Required work → The data below should be restated word for word, with every picture omitted.

Provided material →
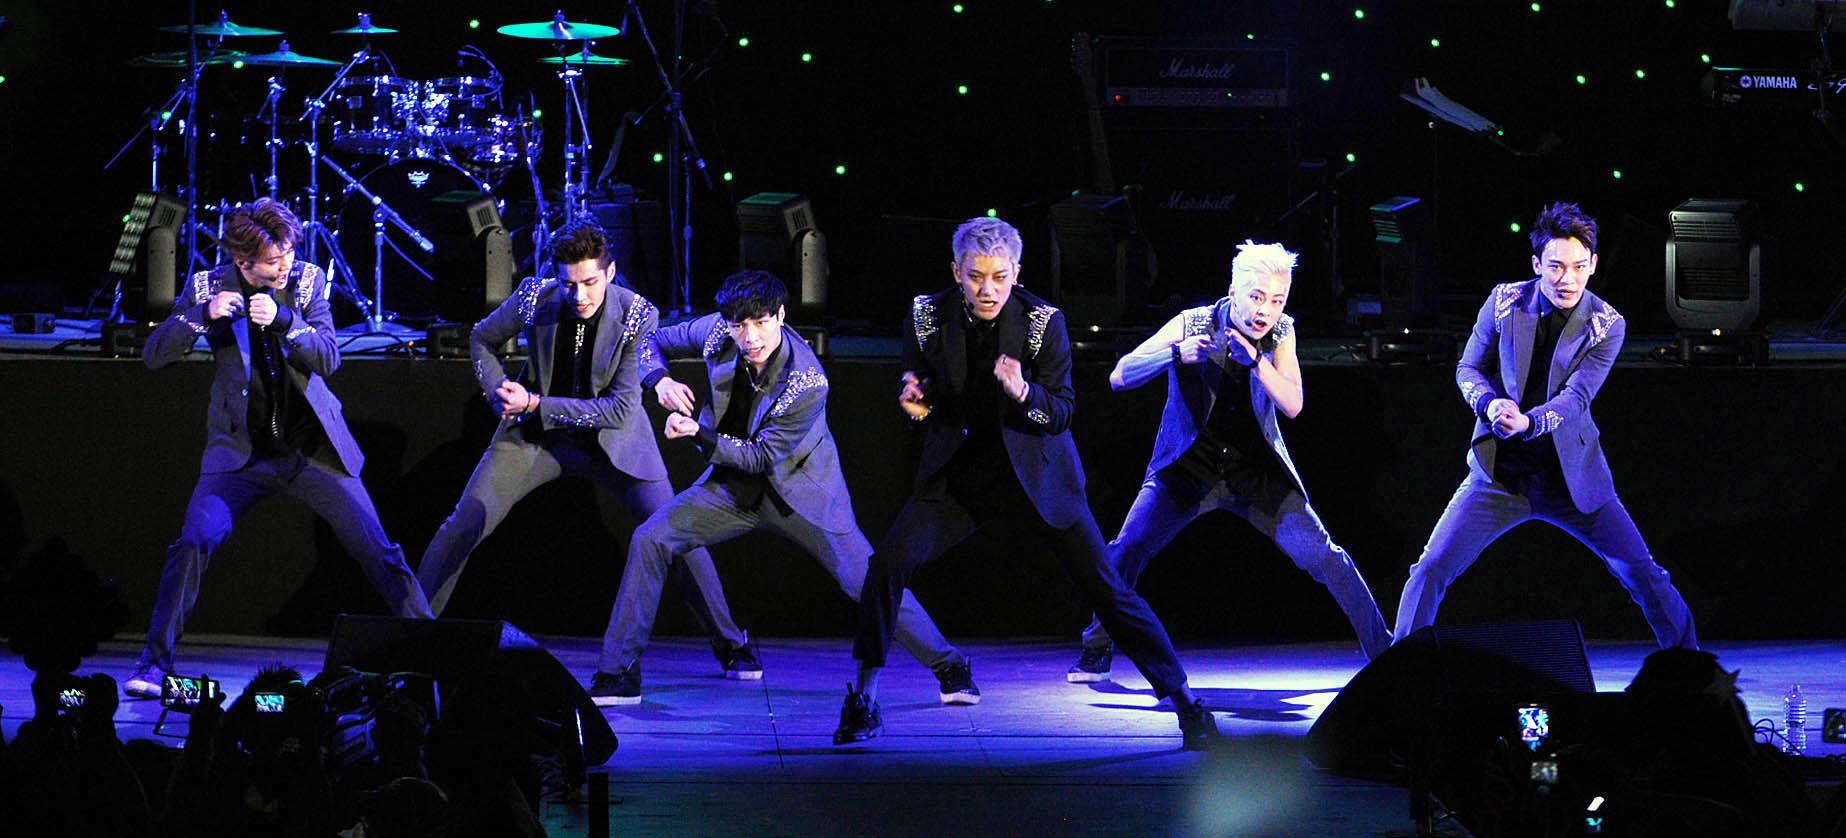 Exo Band Tour
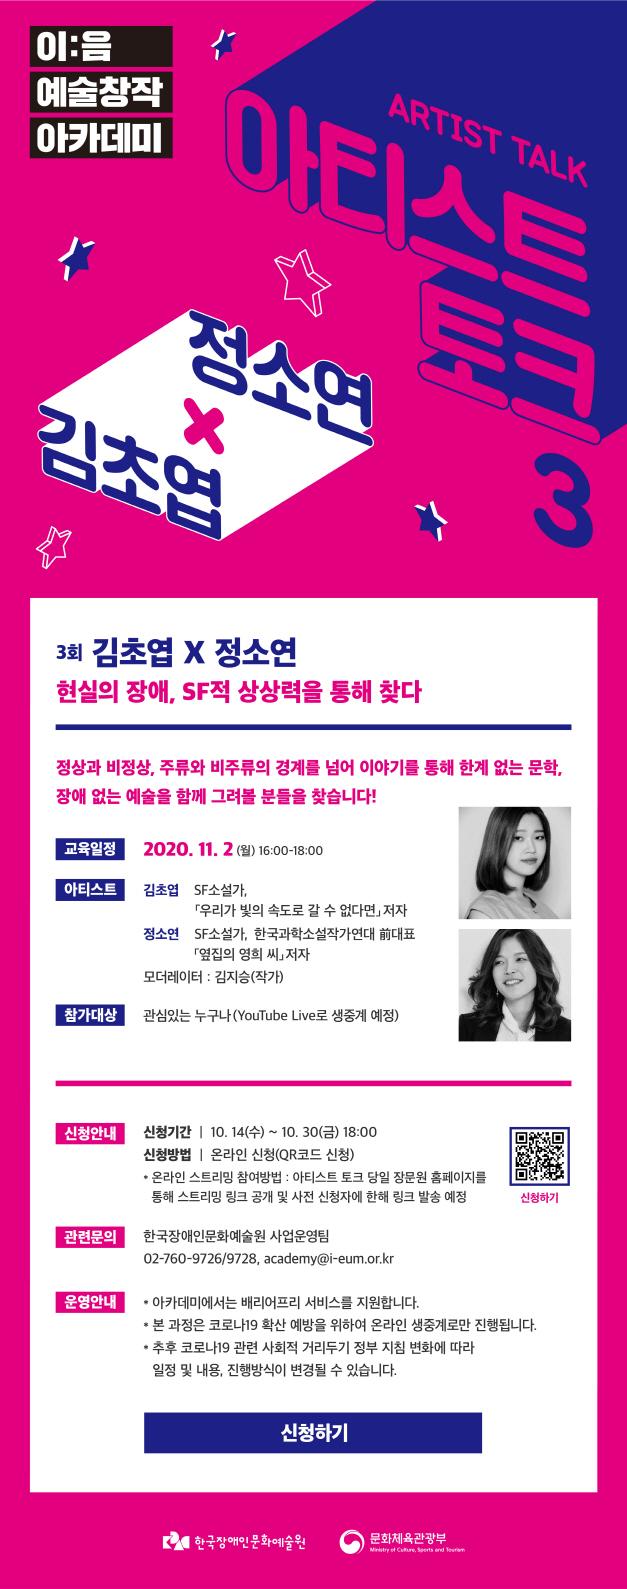 [이:음 아카데미] 아티스트 토크 3회 김초엽 X 정소연?(10/14~10/30)
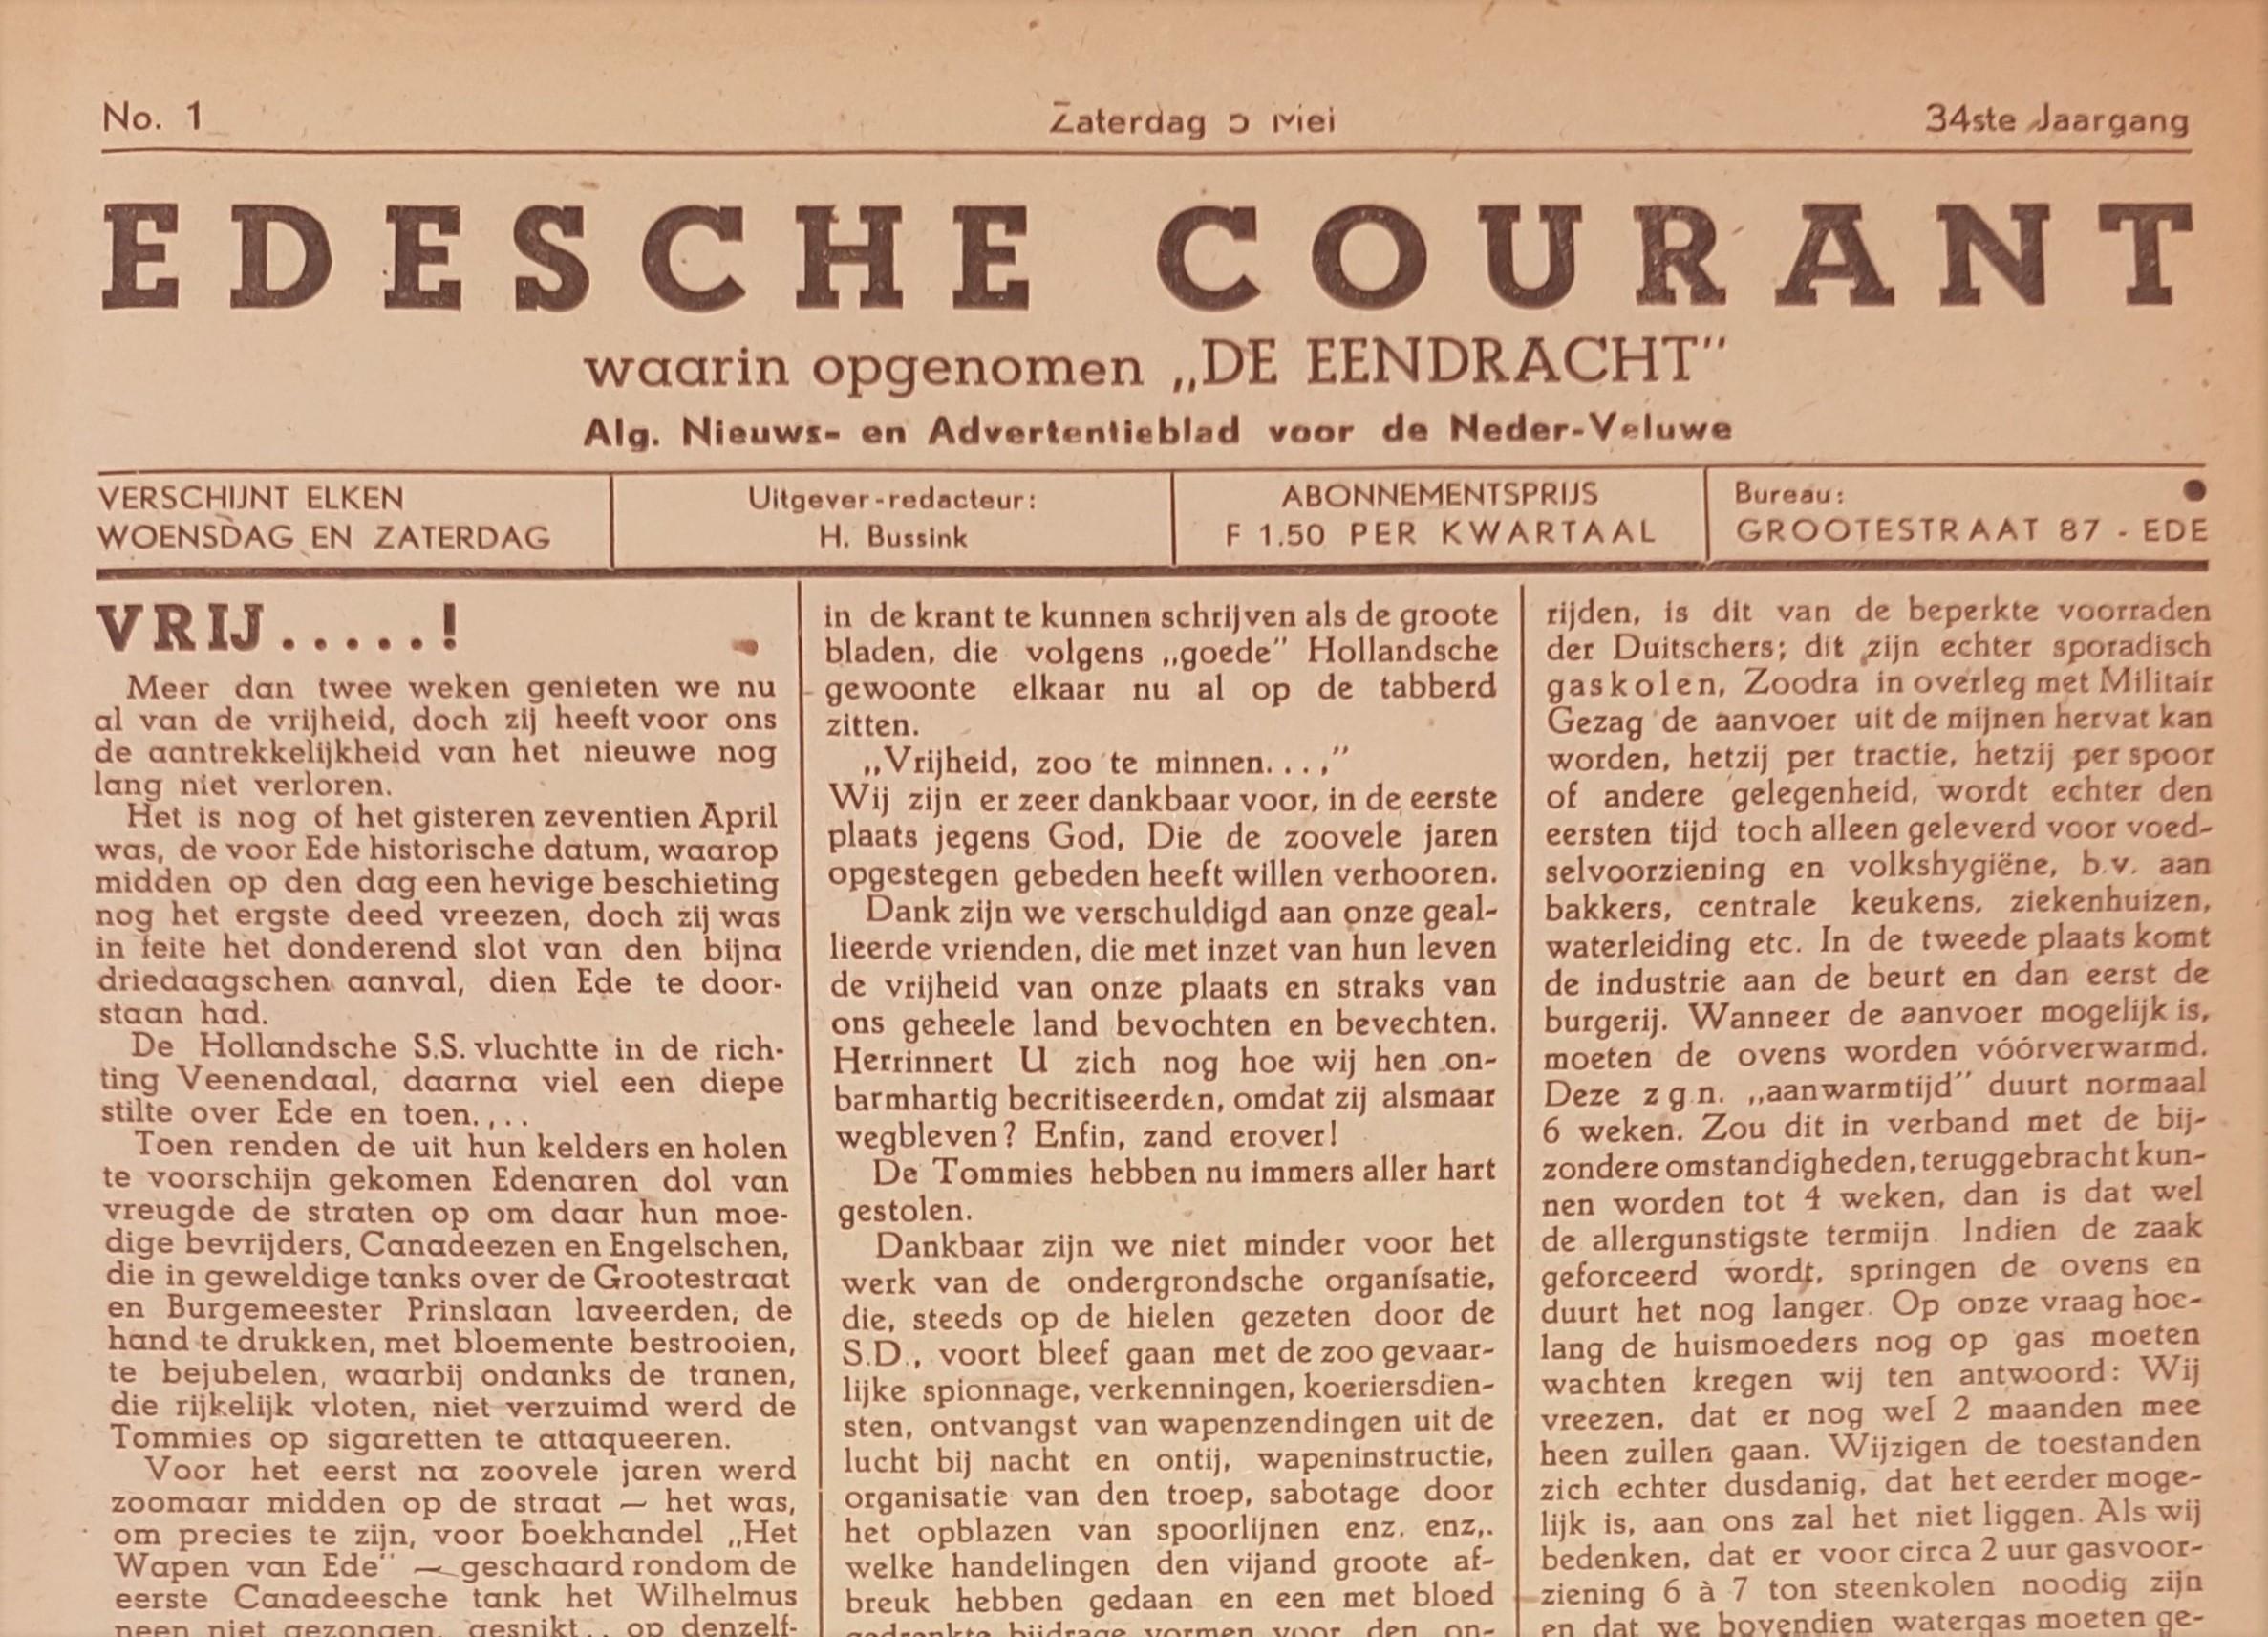 Edese Courant waarin opgenomen de Eendracht 5 mei 1945 uitsnede

Reply →
 Exo Band Tour
 [이:음 아카데미] 아티스트 토크 3회 김초엽 X 정소연?(10/14~10/30)
 Edese Courant waarin opgenomen de Eendracht 5 mei 1945 uitsnede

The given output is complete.